12.2 Overgangsrecht gebruik
  • a. Het gebruik van grond en bouwwerken dat bestond op het tijdstip van inwerkingtreding van het bestemmingsplan en hiermee in strijd is, mag worden voortgezet.
  • b. Het is verboden het met het bestemmingsplan strijdige gebruik, bedoeld in het bepaalde in sub a te veranderen of te laten veranderen in een ander met dat plan strijdig gebruik, tenzij door deze verandering de afwijking naar aard en omvang wordt verkleind.

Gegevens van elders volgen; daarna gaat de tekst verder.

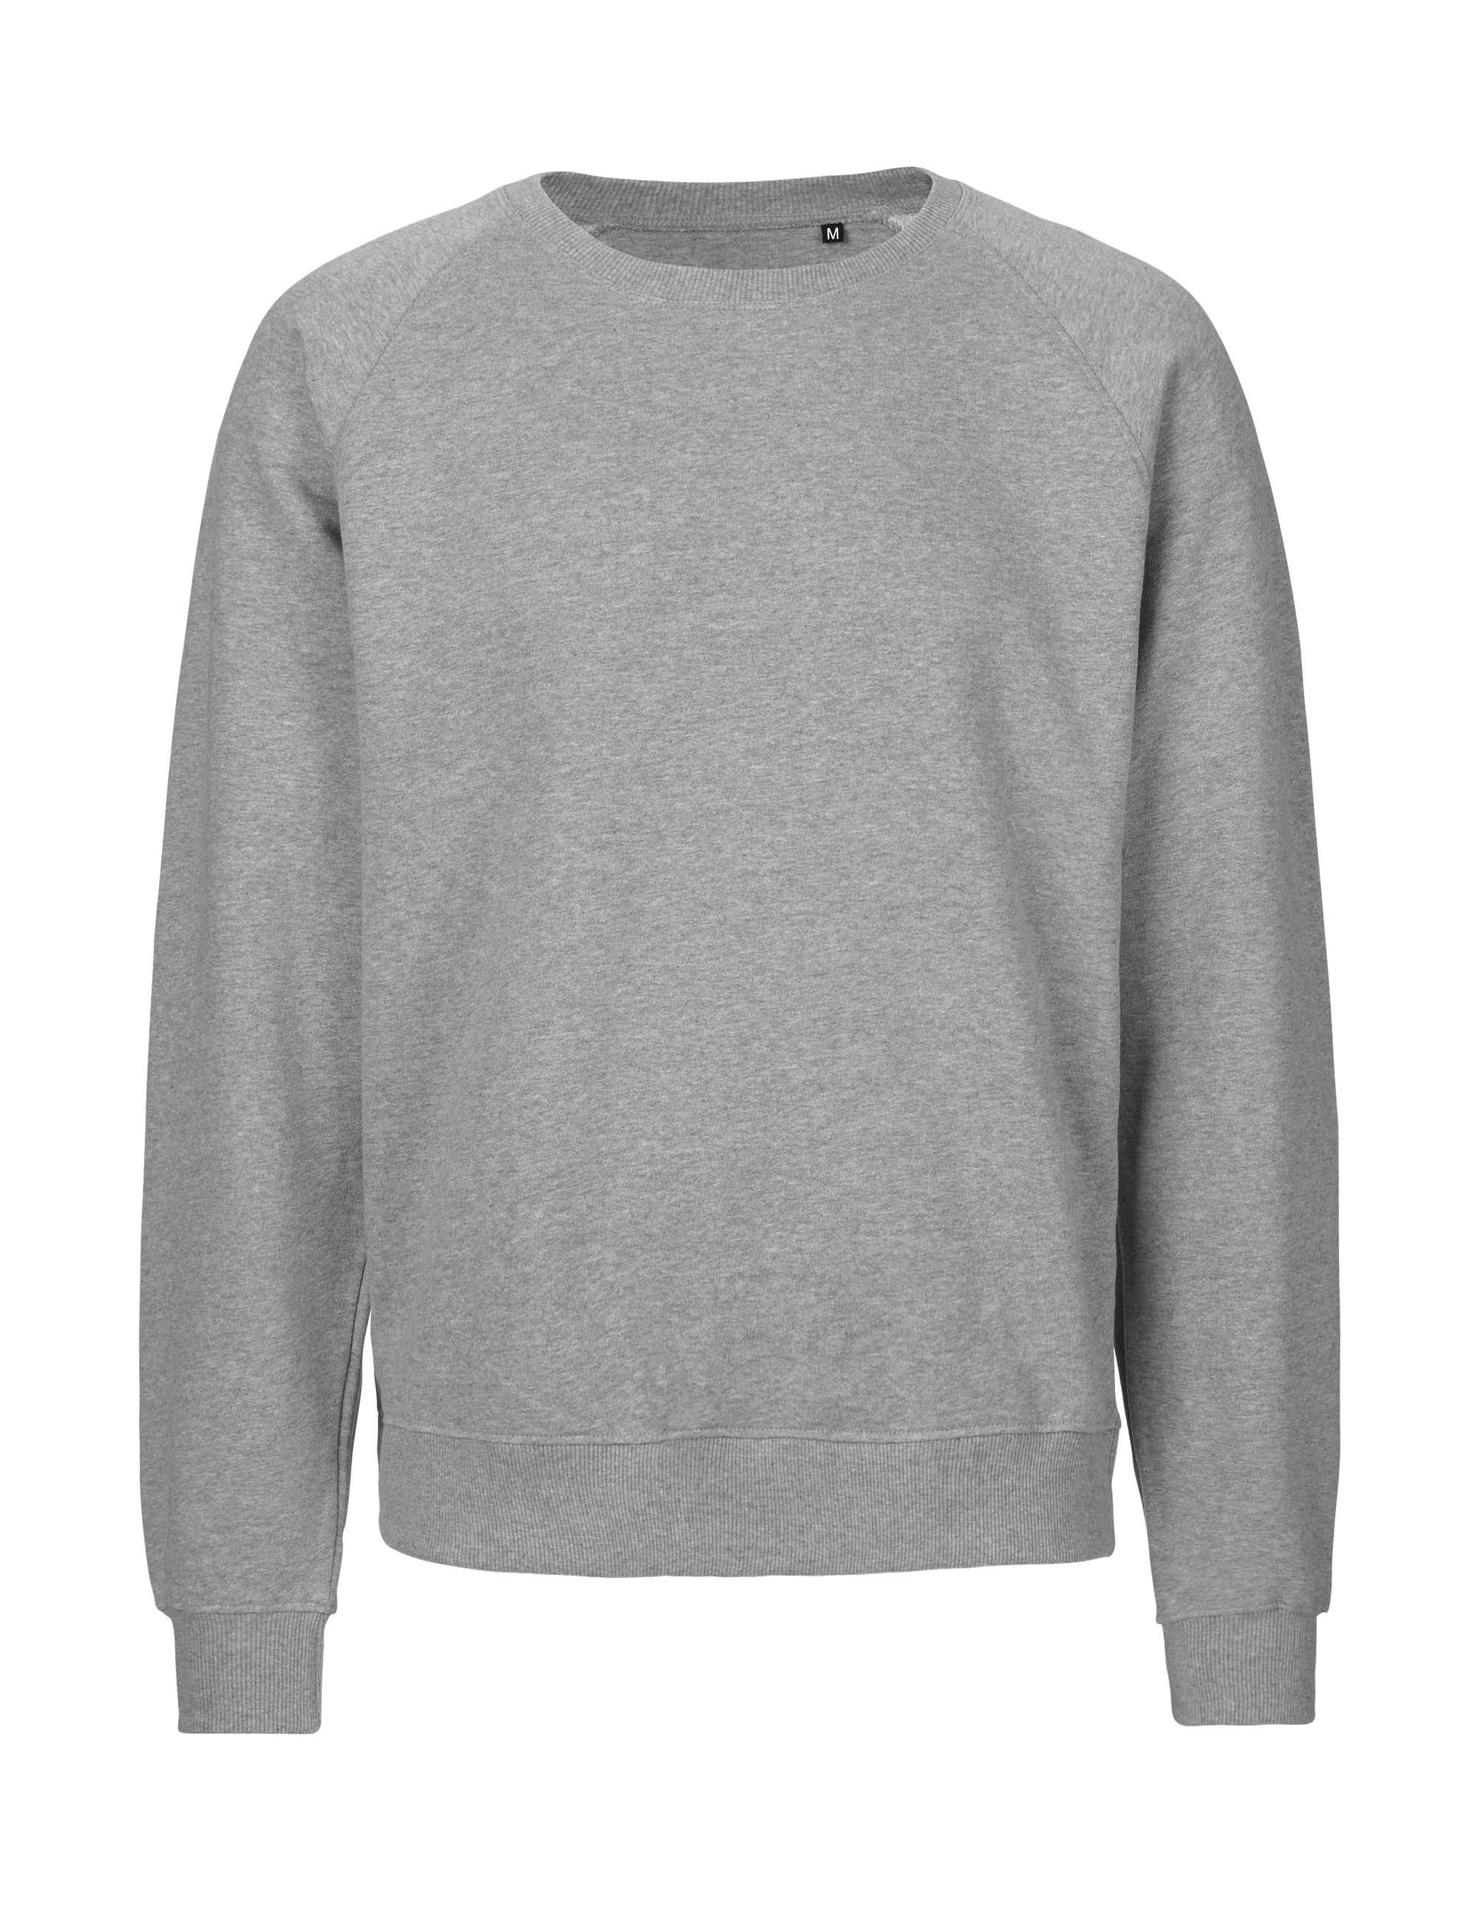 [PR/06029] Unisex Tiger Cotton Sweatshirt (Sport Grey 21, L)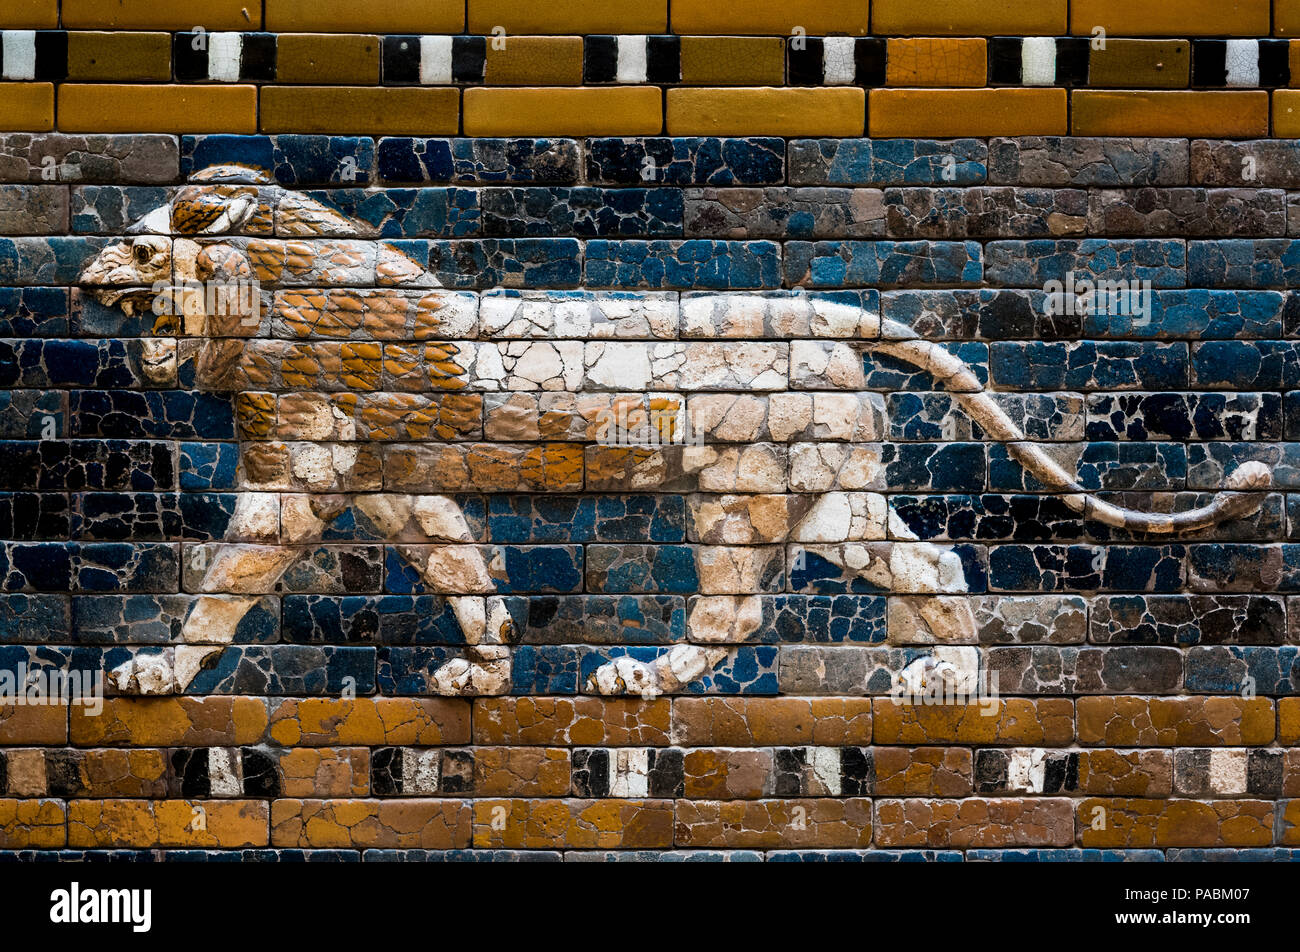 La porte d'Ishtar de Babylone Nabuchodonosor ll (6e C) MUSÉE PERGAMON MUSEUM ISLAND BERLIN ALLEMAGNE Banque D'Images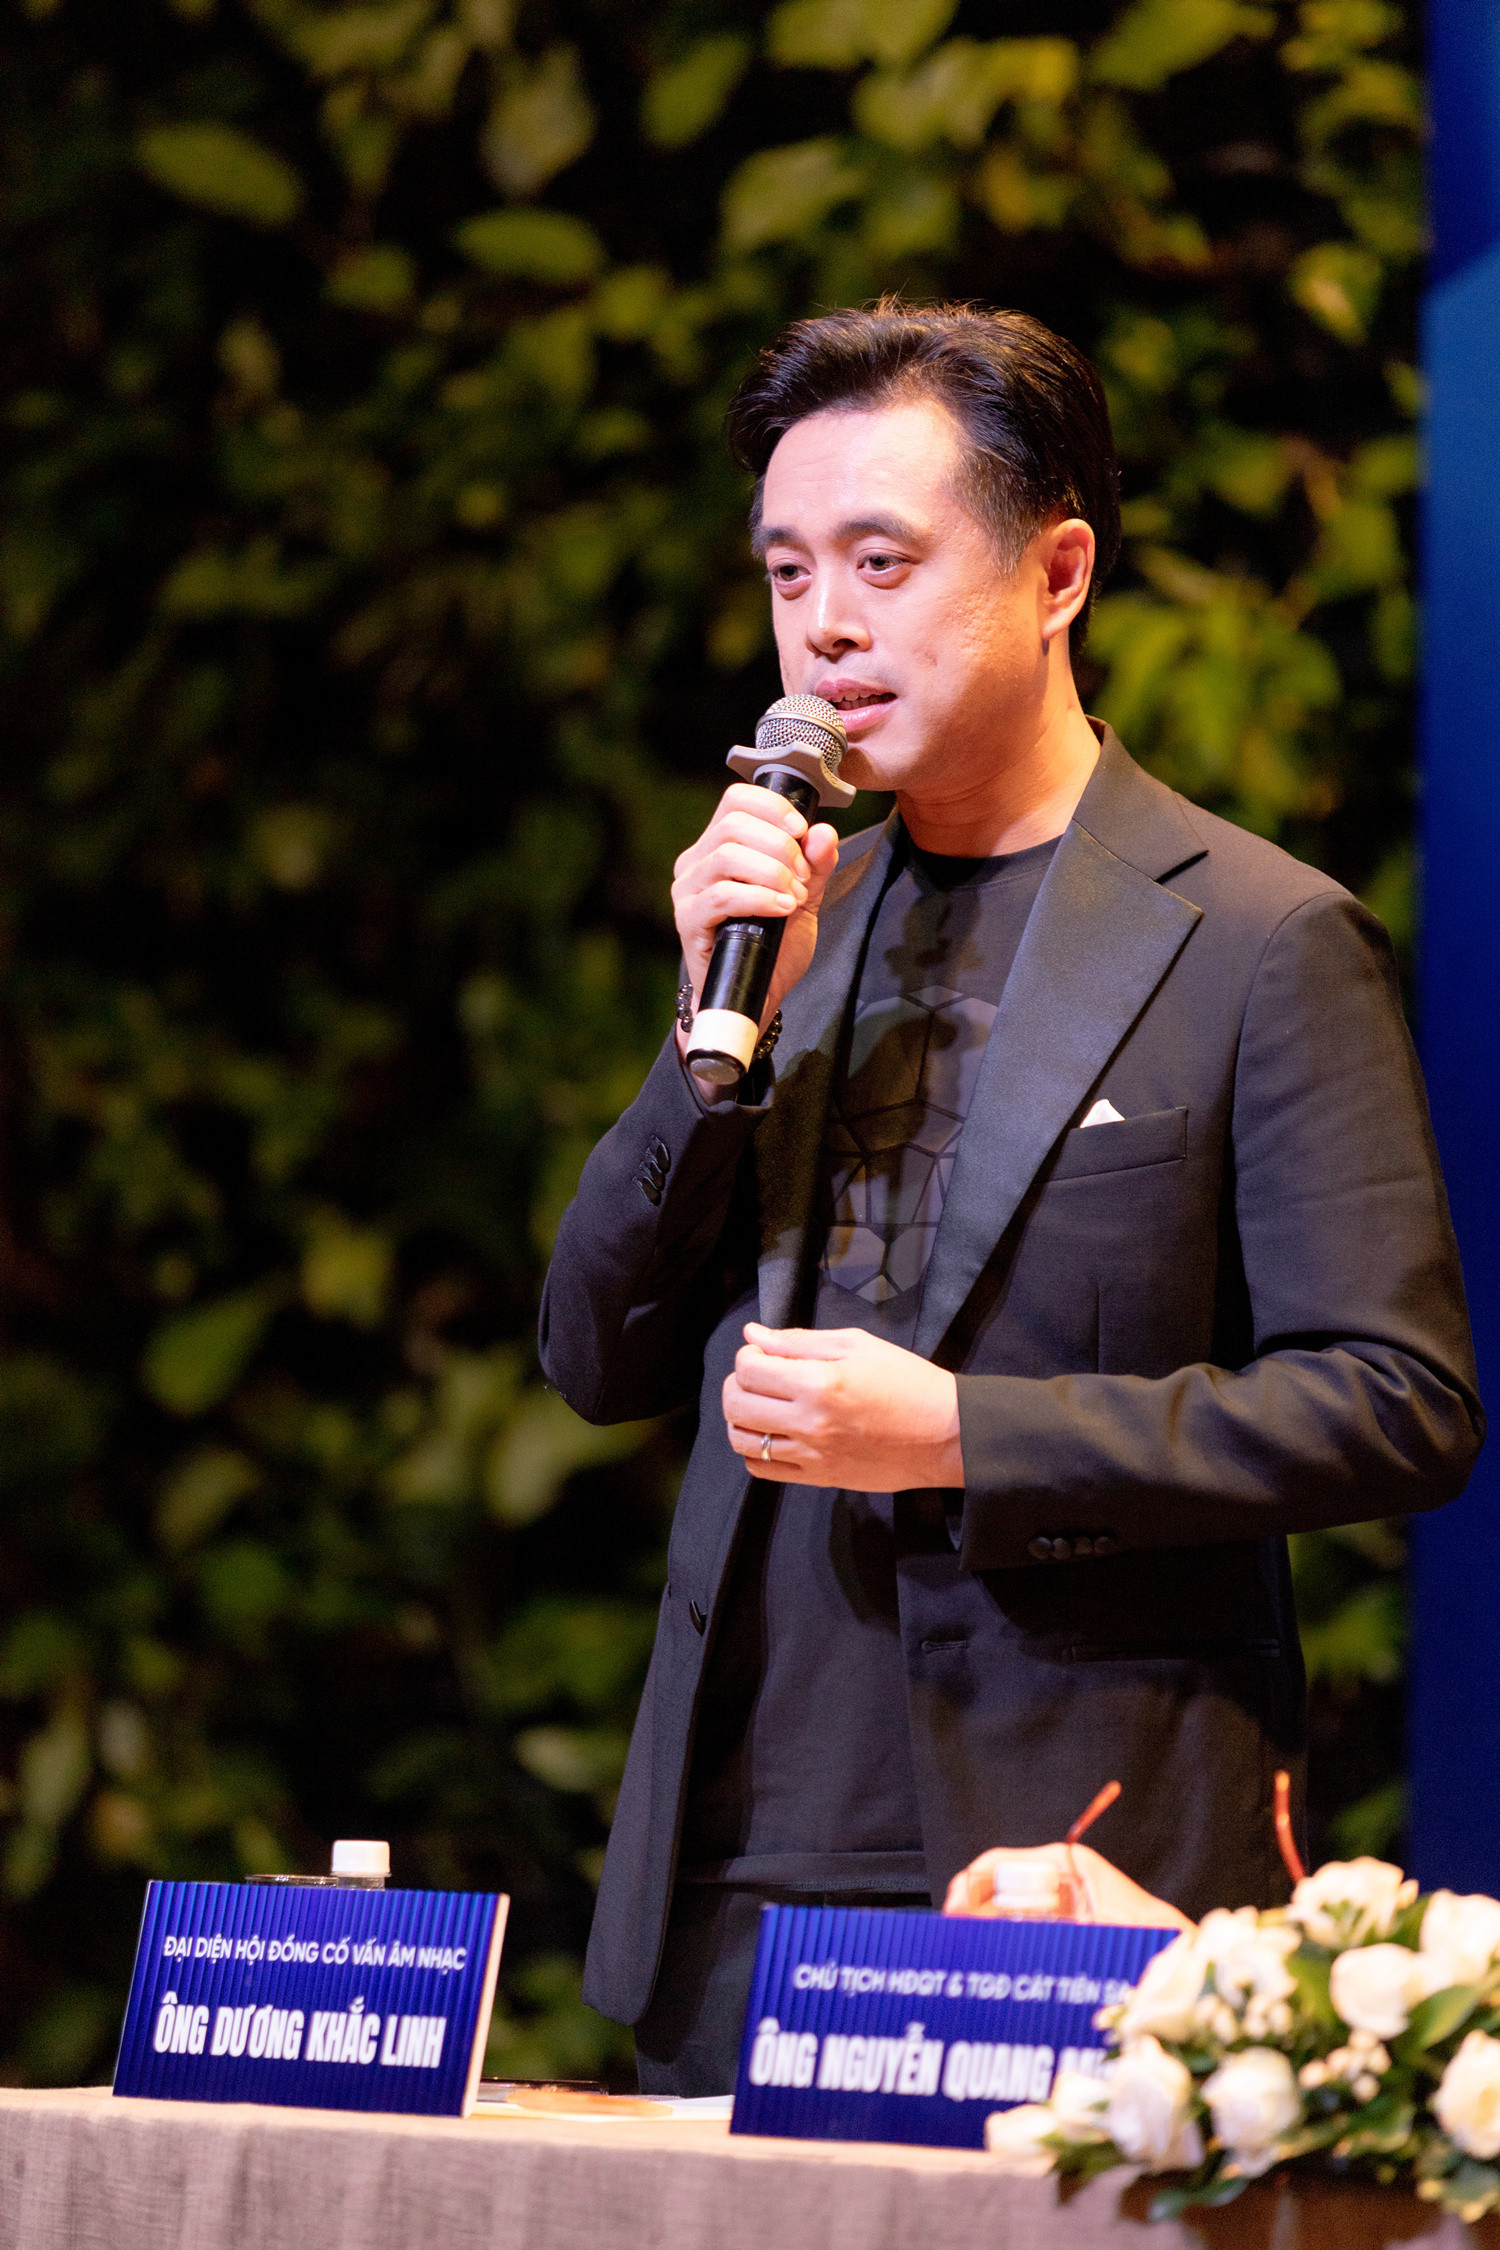 Quang Lê, Đông Nhi 'vung' trăm triệu mua bài hát trên sân khấu

  • c. Indien het gebruik, bedoeld in sub a, na het tijdstip van inwerkingtreding van het plan voor een periode langer dan een jaar wordt onderbroken, is het verboden dit gebruik daarna te hervatten of te laten hervatten.
  • d. Sub a is niet van toepassing op het gebruik, dat reeds in strijd was met het voorheen geldende bestemmingsplan, daaronder begrepen de overgangsbepalingen van dat plan.

Artikel 13 Slotregel

Deze regels worden aangehaald als: Regels van het bestemmingsplan 'Prinses Beatrixlaan Ouder-Amstel'.